- What is expected -
From the listing below, output the lines between the one with "Rockland Plecak Plume 40 czarno-szary (172)" and the one with "Hampshire Wedding Photographer", including those two, and nothing else. Pictures are not copied.

- Data extract -
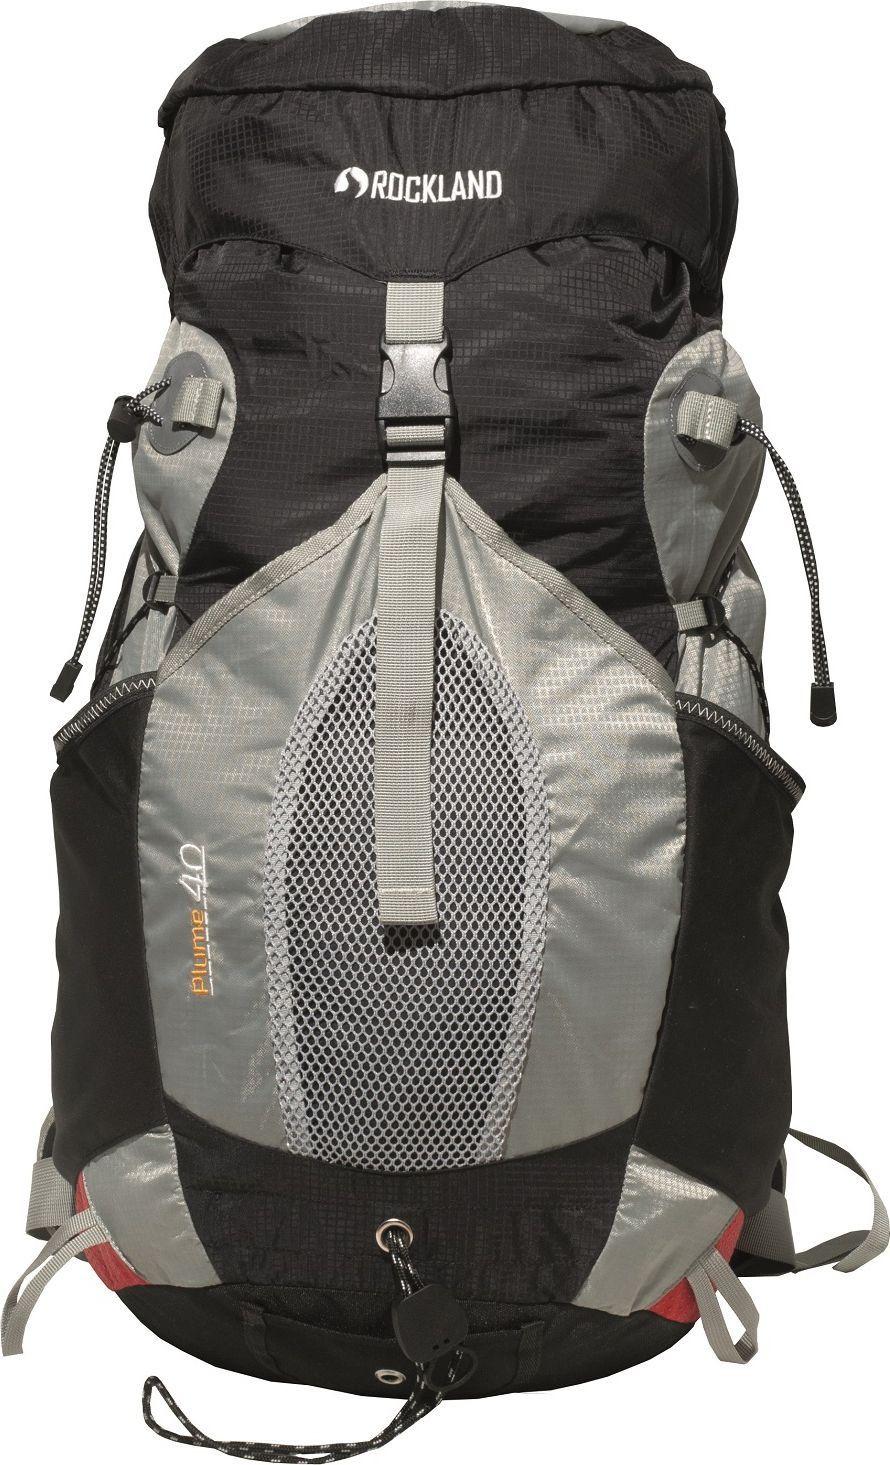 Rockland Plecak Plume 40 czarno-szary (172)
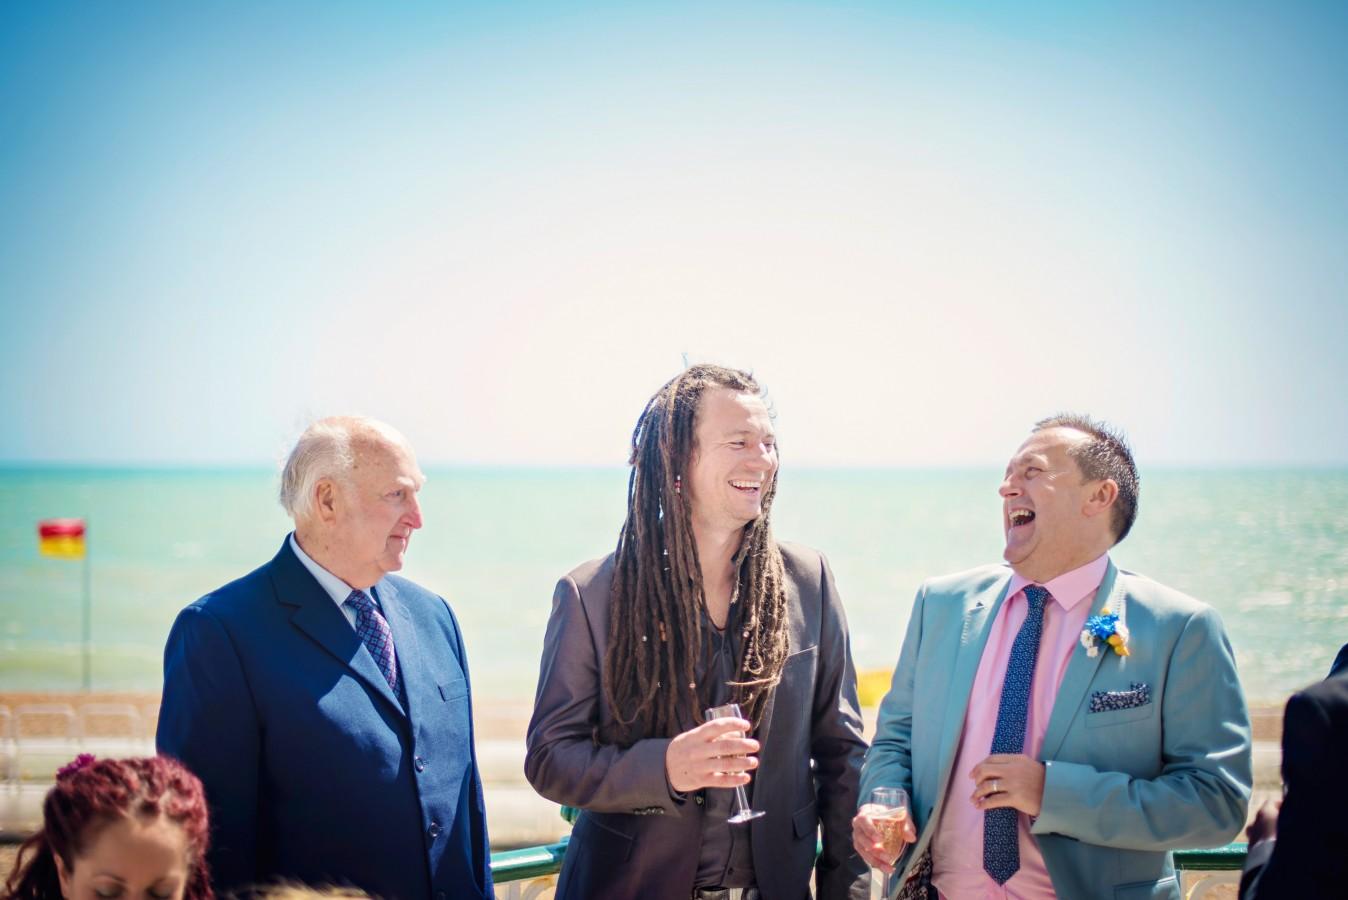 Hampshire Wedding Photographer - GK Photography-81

==

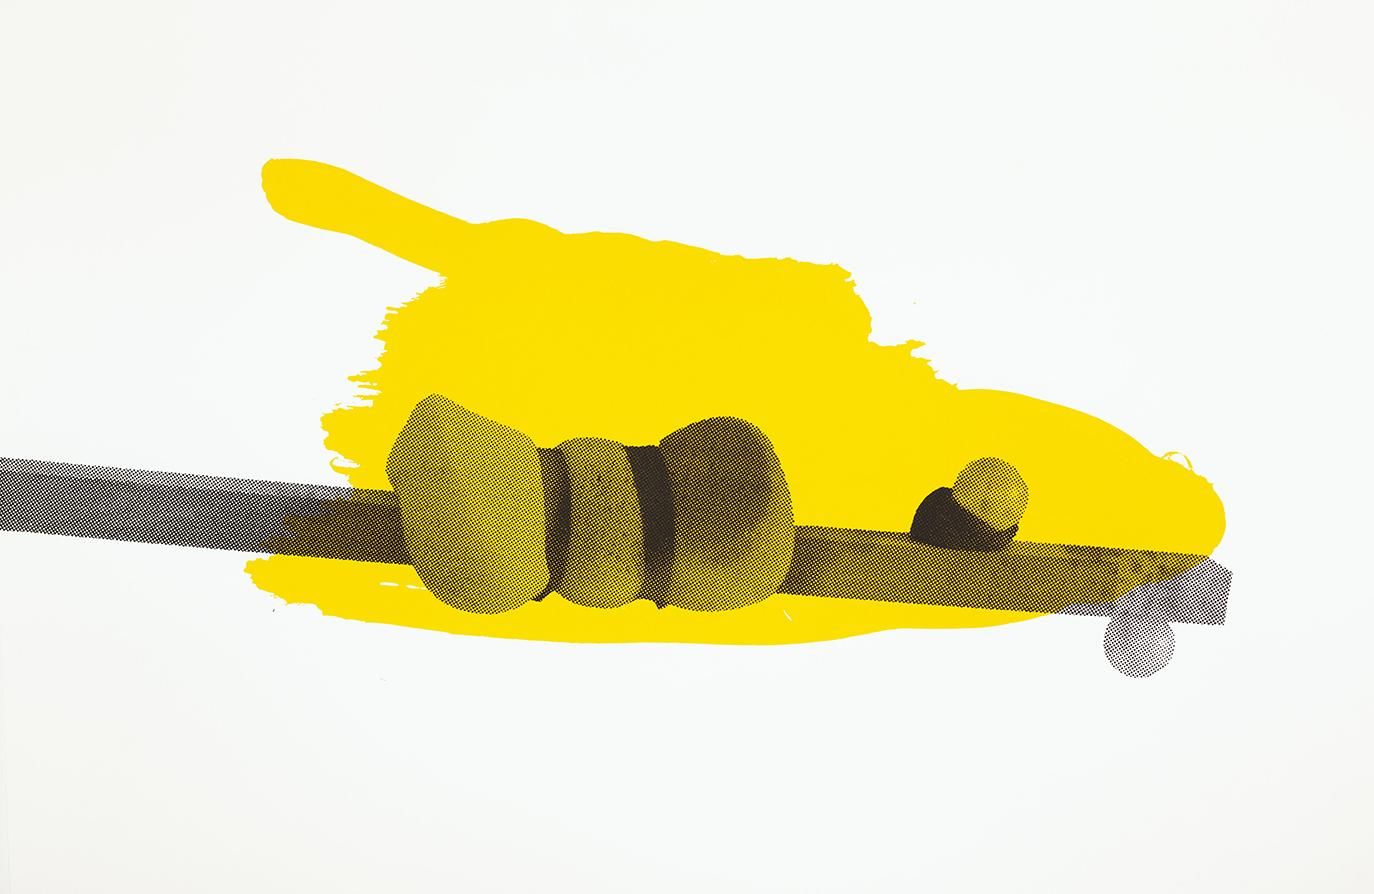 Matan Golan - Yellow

- Answer for the task -
 Rockland Plecak Plume 40 czarno-szary (172)
 Hampshire Wedding Photographer - GK Photography-81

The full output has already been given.